Five years later, it is time to assess progress achieved in the policy areas covered by the Recommendation (health policy, youth policy, workplace policy, and welfare policy). This report complements a legal document prepared by the OECD on the implementation of the Recommendation five years after its adoption, and adds quantitative evidence to it as well as considerations about the implications of the experiences during the COVID-19 pandemic on future versions of the Recommendation.

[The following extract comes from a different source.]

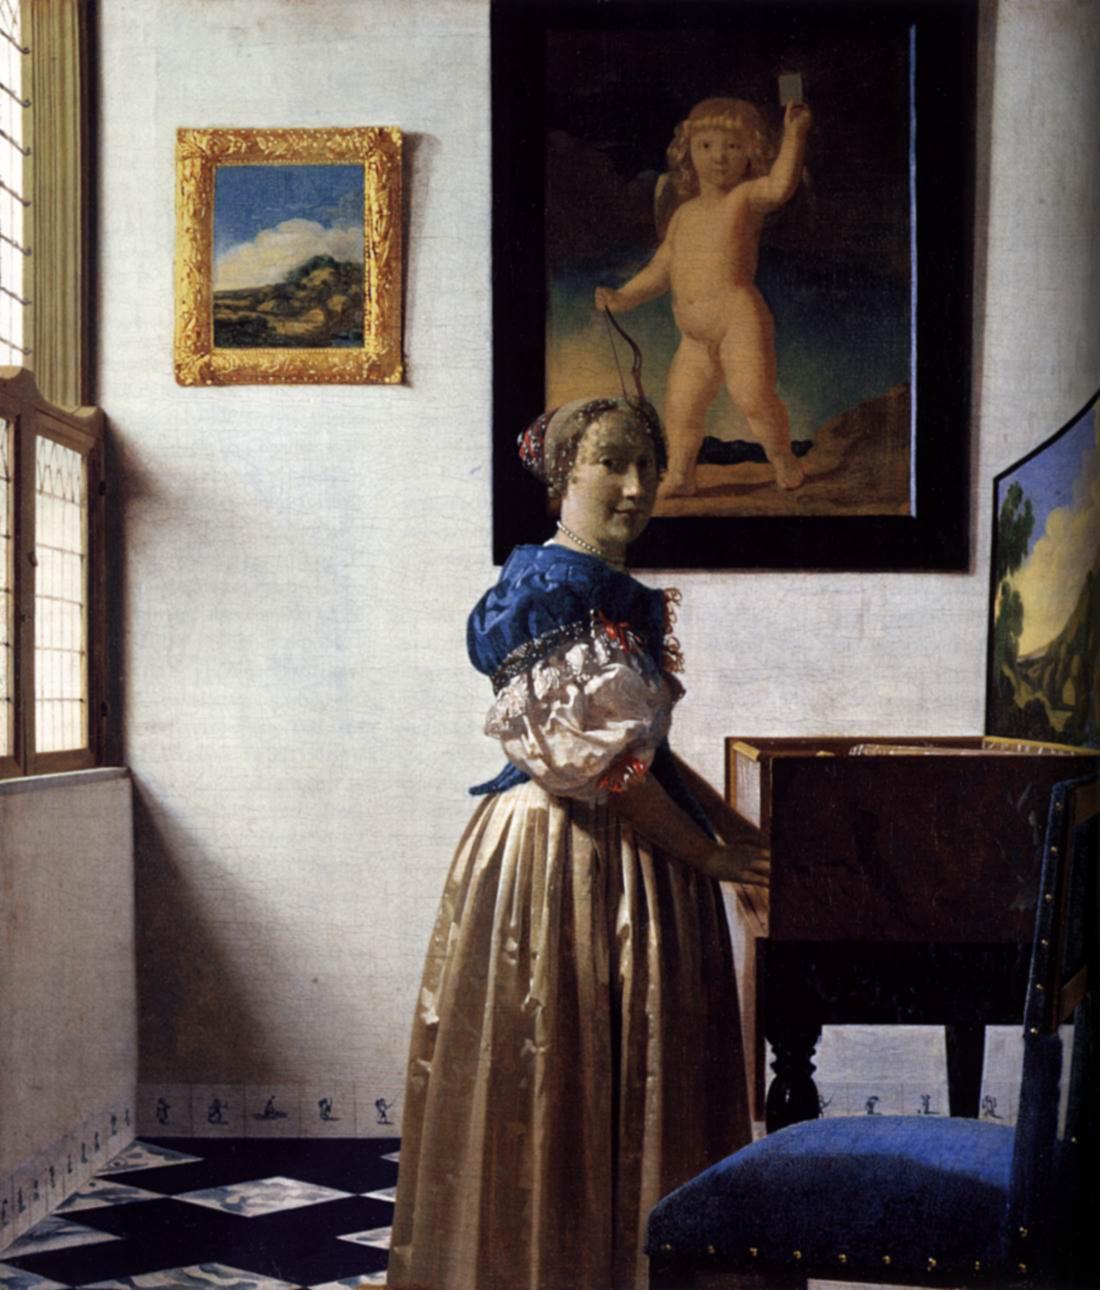 Mujer tocando un virginal, h. 1672-73, óleo sobre lienzo, Londres, National Gallery.

Policy is in flux in most countries but much more will have to be done to implement the principles and fulfil the promises of the Recommendation.

English

Executive summary

The OECD publication Fit Mind, Fit Job, published in 2015, concluded that an integrated whole‑of-government approach was needed to tackle the poor social, education and employment outcomes of individuals with mental health conditions. Living with such conditions makes it harder to stay and do well in school, to transition to higher education or work, to work effectively and productively, and to stay employed. Changing this is not a task for the health system alone but one that must involve all policy fields. Particularly large improvements can come from measures in four policy areas, namely youth, workplace, welfare and health policy. The importance of policy interventions in these four policy areas was already recognised across OECD countries, all of whom have adhered to the OECD Recommendation on Integrated Mental Health, Skills and Work Policy. This Recommendation sets out principles on how countries can strengthen mental health policies through coherent action across three dimensions, including: i) the involvement of front-line stakeholders not normally seen as mental-health actors (the “who” of a good policy approach), ii) a focus on early identification and early intervention in all policy areas (the “when”), and iii) the provision of integrated health, education and employment services (the “what”).